Добавить в цитаты Настройки чтения

Страница 57 из 85

«Славяне должны быть неисчерпаемым резервом рабов в духе древнего Египта или Вавилона. Отсюда должны поступать дешевые сельскохозяйственные и строительные рабочие для германской нации господ!»

Товарищи Ганса ревели от восторга, плача, орали «Стражу на Рейне». Ганс тоже, попав под влияние общего психоза, плакал и орал, но чуть менее восторженно — он вслушивался в тихий голос отца:

«Русские любят пельмени, бруснику, блины. Они многое любят. Но больше всего — свободу. Поэтому сам Наполеон не мог осилить их».

В другой раз разговор начал отец:

«Помню, был там один офицер, любитель ударить солдата. Его нашли мертвым в выгребной яме сортира. Захлебнулся в нечистотах… Русские отзывчивы на чужую беду, способны поделиться последним с нуждающимся, но побои превращают их в непримиримых врагов. И тогда берегись!»

А инструктор твердил другое:

«Уровень развития русских так примитивен, что слова на них не действуют.

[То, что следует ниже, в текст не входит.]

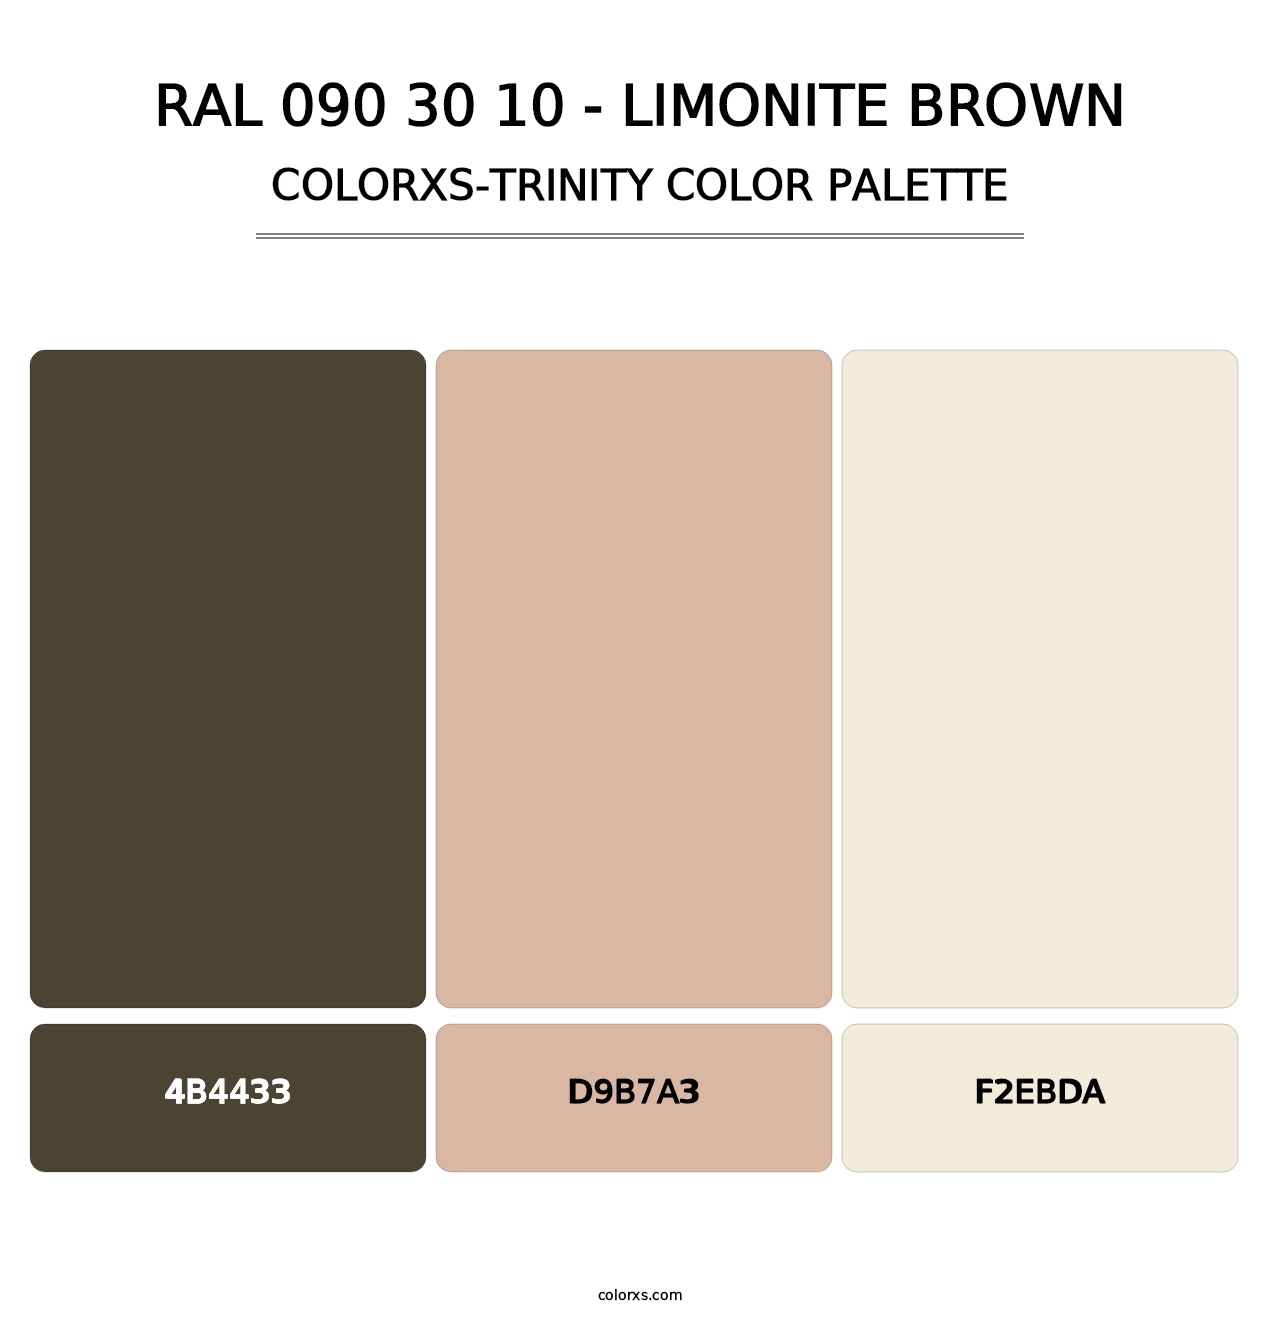 RAL 090 30 10 - Limonite Brown - Colorxs Trinity Palette

Единственное, что они понимают и признают, — физическую боль. Значит, когда будете повелевать ими, не жалейте плеток и виселиц. Именно они больше всего отвечают русскому духу».

Вот так и рос Ганс Штальберг, постоянно находясь под воздействием двух противоположных убеждений. В результате, как он считал, не вышло из него ни настоящего немца, ни тайного приверженца русских.

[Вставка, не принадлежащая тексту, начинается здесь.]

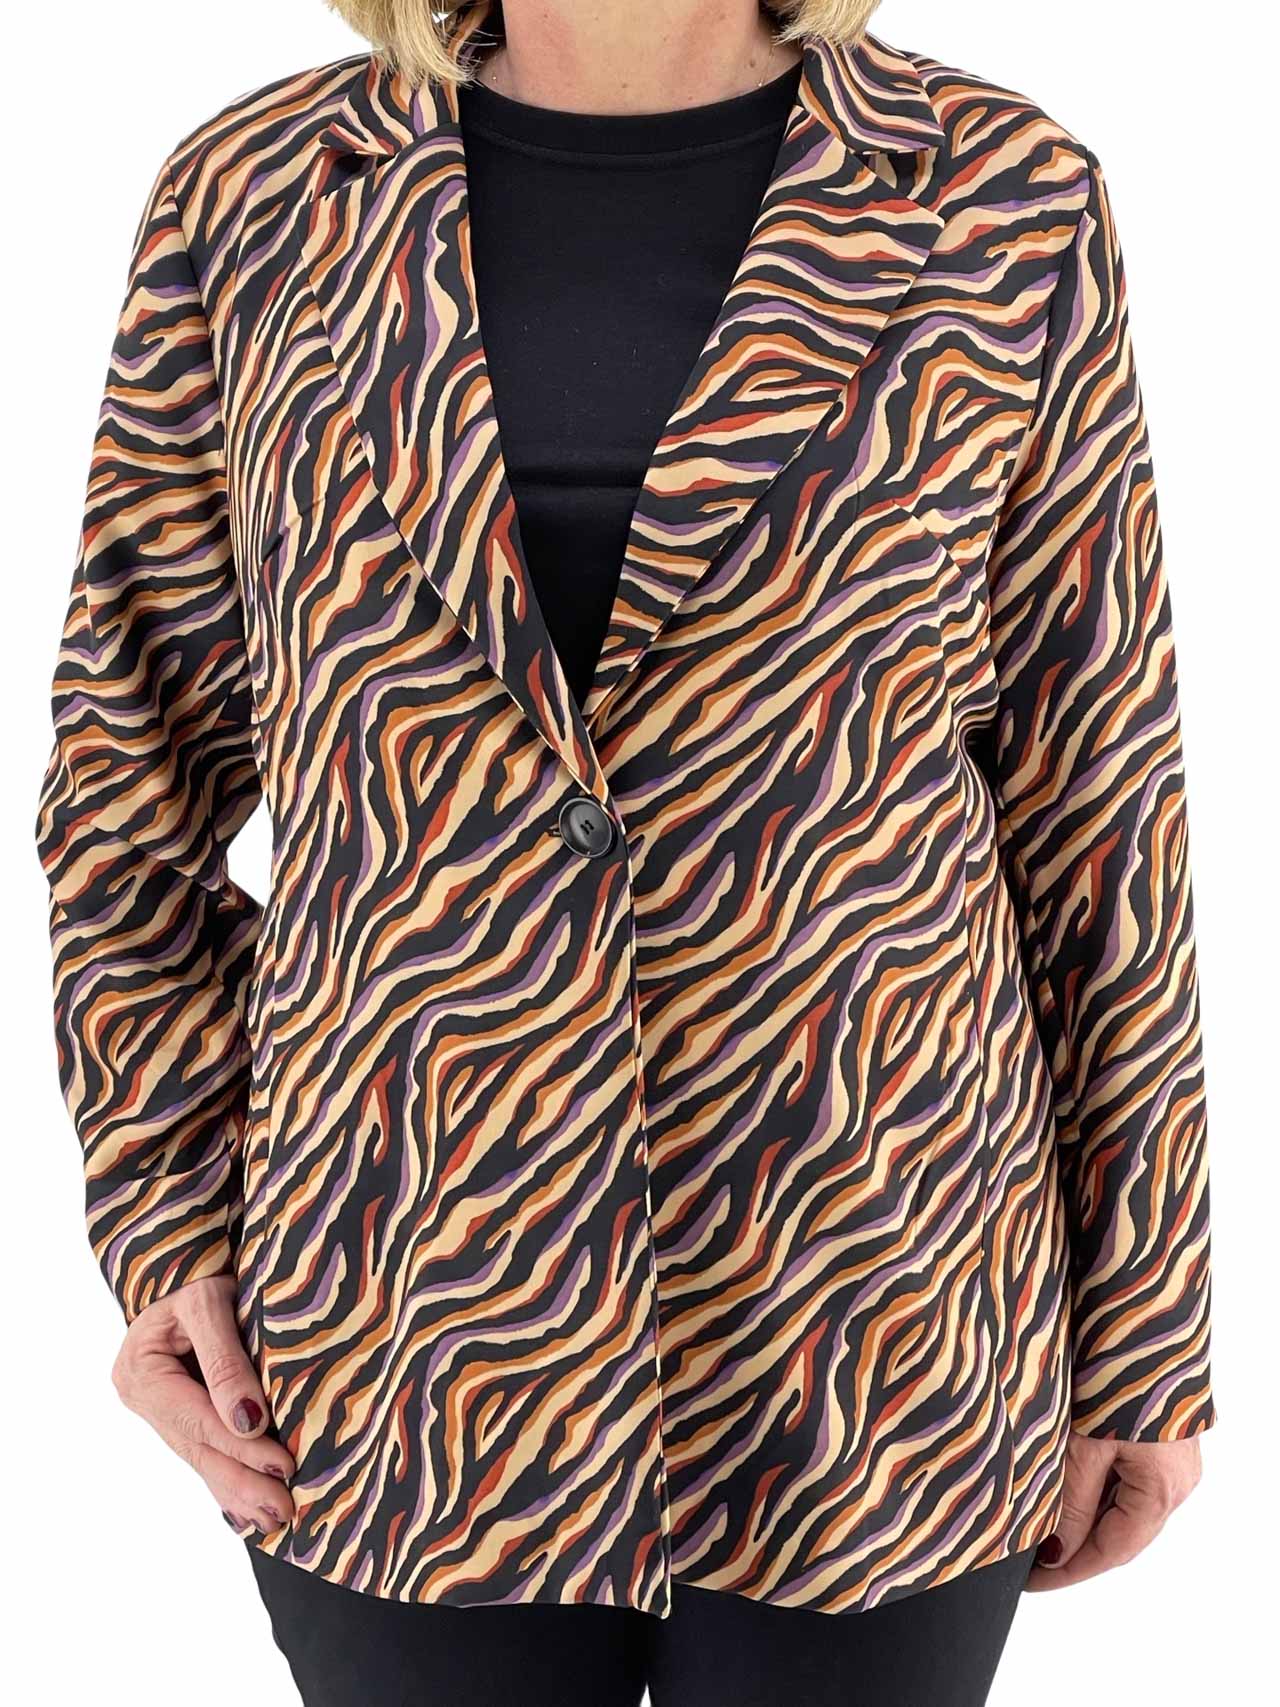 Jacket women's one-button jacket code 2241001

В одно искренне уверовал Ганс Штальберг, наслушавшись подобных речей: германский народ несправедливо обижен историей; прекрасна, но неразумно мала его милая земля. Поэтому, когда взревели трубы военных оркестров, он с чистой совестью явился в солдатскую казарму, был готов воевать за землю для своего народа. И воевал.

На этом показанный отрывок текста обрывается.